Why is this important? As Tozer says, “We tend by a secret law of the soul to move toward our mental image of God…Always the most revealing thing about the Church is her idea of God, just as her most significant message is what she says about Him or leaves unsaid, for her silence is often more eloquent than her speech. She can never escape the self-disclosure of her witness concerning God.” And he is right, for once we have decided who God is, we chase after that image of God. It is critically important that we learn about who God is through the Scripture, for this is His self-disclosure.
And here are words that gripped me and kept me tossing and turning last night (though one too many cans of Coke may have also contributed): “Were we able to extract from any man a complete answer to the question, ‘What comes into your mind when you think about God?’ we might predict with certainty the spiritual future of that man. Were we able to know exactly what our most influential religious leaders think of God today, we might be able with some precision to foretell where the church will stand tomorrow.” This is a sobering though, for when we survey the leaders of the church today we will find a vast variety of views on God, many of which are clearly unbiblical. We have leaders who deny the Trinity and others who deny the atonement. We have leaders who clearly have never stopped to seriously consider just what they think of God. There are many followers who have likewise never stopped to consider who God is, what He has done, and what He demands of us. And as we can see where the church will be led in the future, we can look at the leaders of families, men like myself, and understand where we will take our families. When I survey my heart and ask what comes to mind when I think about God, I will know where my family will stand tomorrow.
“It is my opinion,” writes Tozer, “that the Christian conception of God current in these middle years of the twentieth century is so decadent as to be utterly beneath the dignity of the Most High God and actually to constitute for professed believers something amounting to a moral calamity.” If this was true of the middle of the last century, how much more true is it in the early years of the current century?

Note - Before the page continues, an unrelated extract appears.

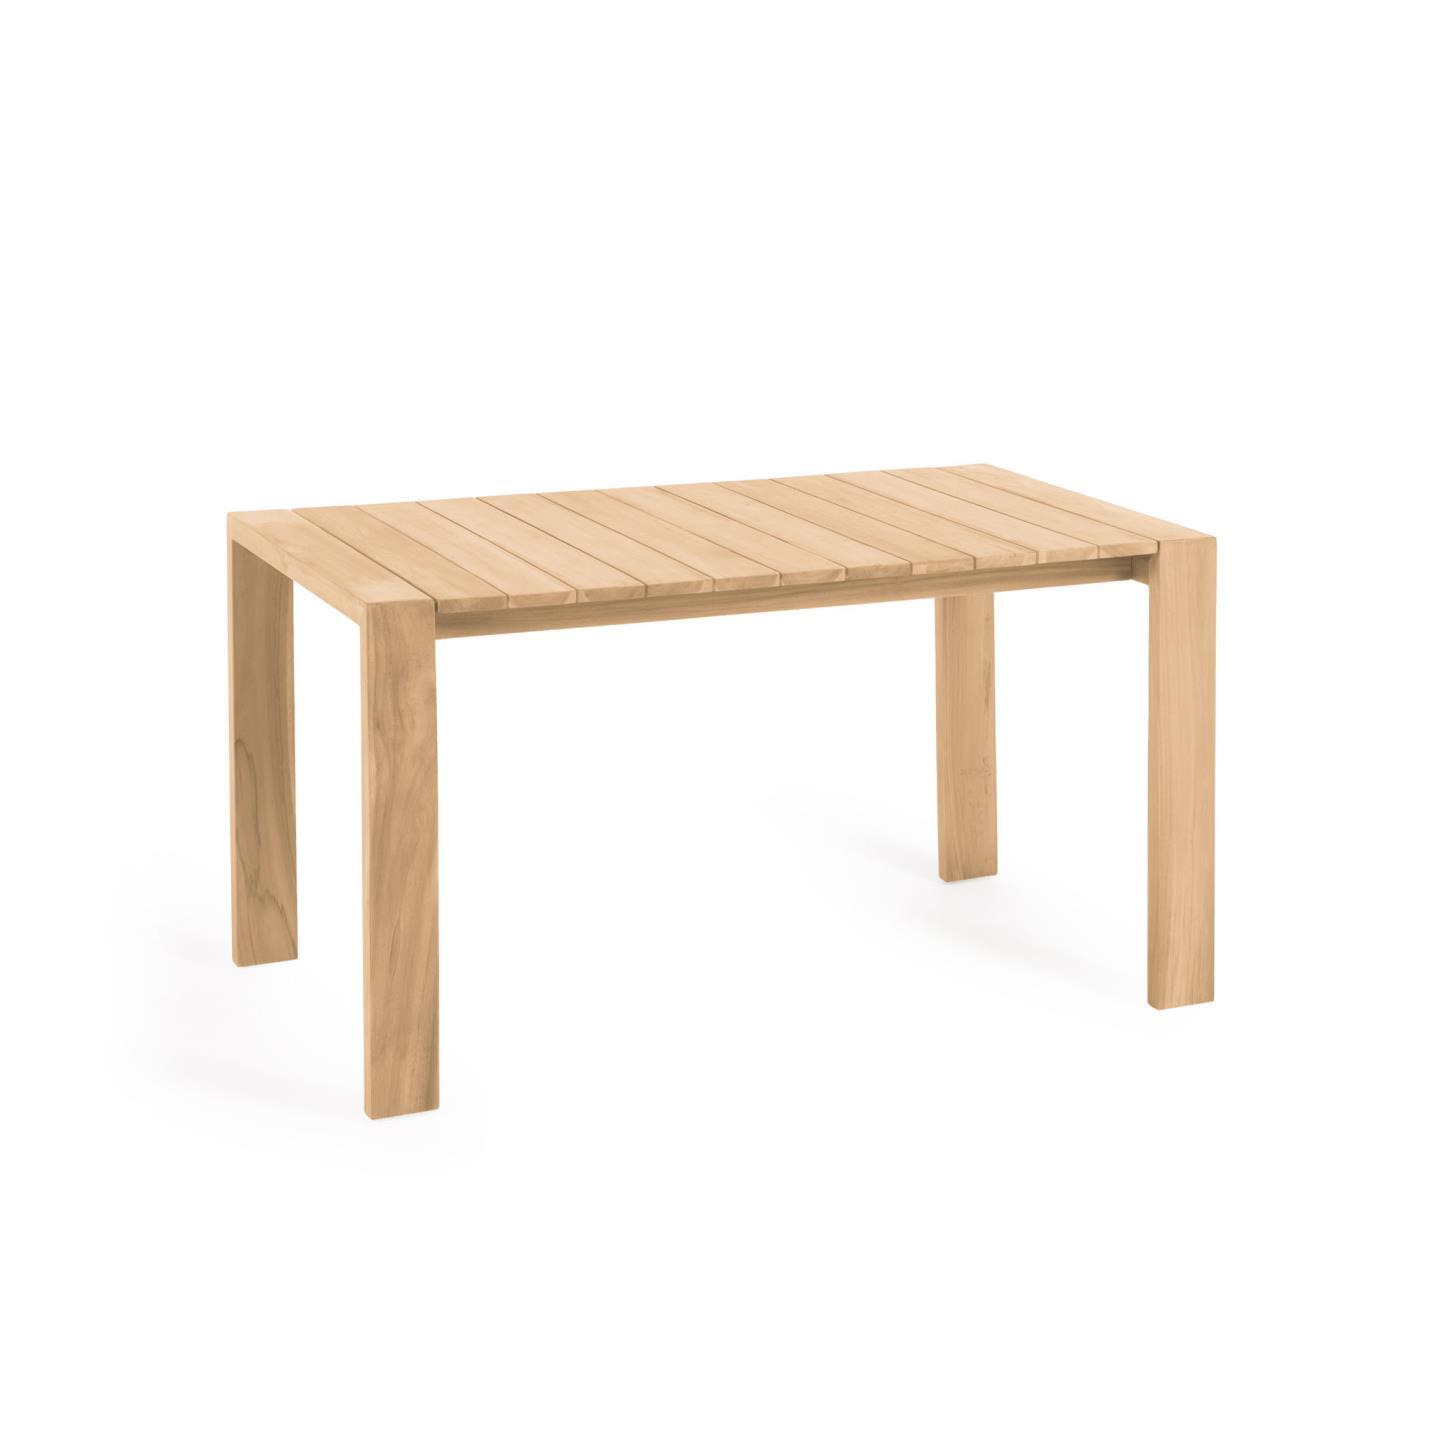 Victoire solid teak outdoor table 160 x 90 cm

And yet, “All the problems of heaven and earth, though they were to confront us together and at once, would be nothing compared with the overwhelming problem of God: That He is; what He is like; and what we as moral beings must do about Him.” But still many Christians do not think deeply about God, about what He is like, or about what we must do about Him. “I believe there is scarcely an error in doctrine or a failure in applying Christian ethics that cannot be traced finally to imperfect and ignoble thoughts about God.”

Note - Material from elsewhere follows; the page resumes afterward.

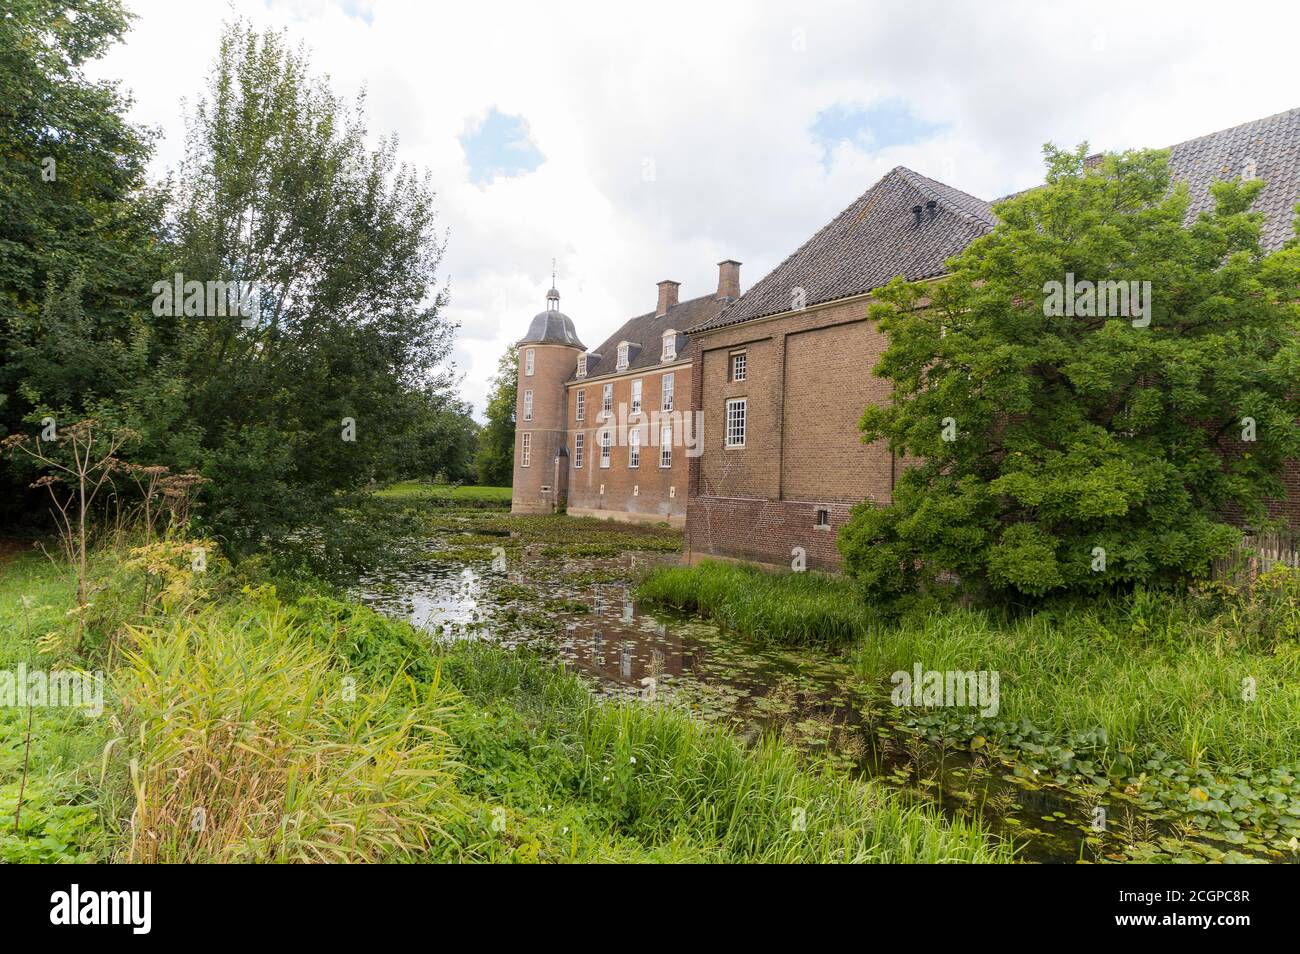 The Castle Slangenburg near Doetinchem, The Netherlands Stock Photo

This is a serious matter. “Before the Christian church goes into eclipse anywhere there must first be a corrupting of her simple basic theology. She simply gets a wrong answer to the question, ‘What is God like?’ and goes on from there. Though she may continue to cling to a sound nominal creed, her practical working creed has become false. The masses of her adherents come to believe that God is different from what He actually is; and that is heresy of the most insidious and deadly kind.”
And here is Tozer’s charge: “The heaviest obligation lying upon the Christian Church today is to purify and elevate her concept of God until it is once more worth of Him–and of her. In all her prayers and labors this should have first place. We do the greatest service to the next generation of Christians by passing on to them undimmed and undiminished that noble concept of God which we received from our Hebrew and Christian fathers of generations past. This will prove of greater value to them than anything that art or science can devise.”
Having read these words I see, more clearly than ever, the importance of placing myself under the leadership of men who have a high and biblical view of God. If nothing is more telling and more important than what comes into my mind when I think about God, it must also be critically important that I learn from men who think deeply about God and who humble themselves under His word.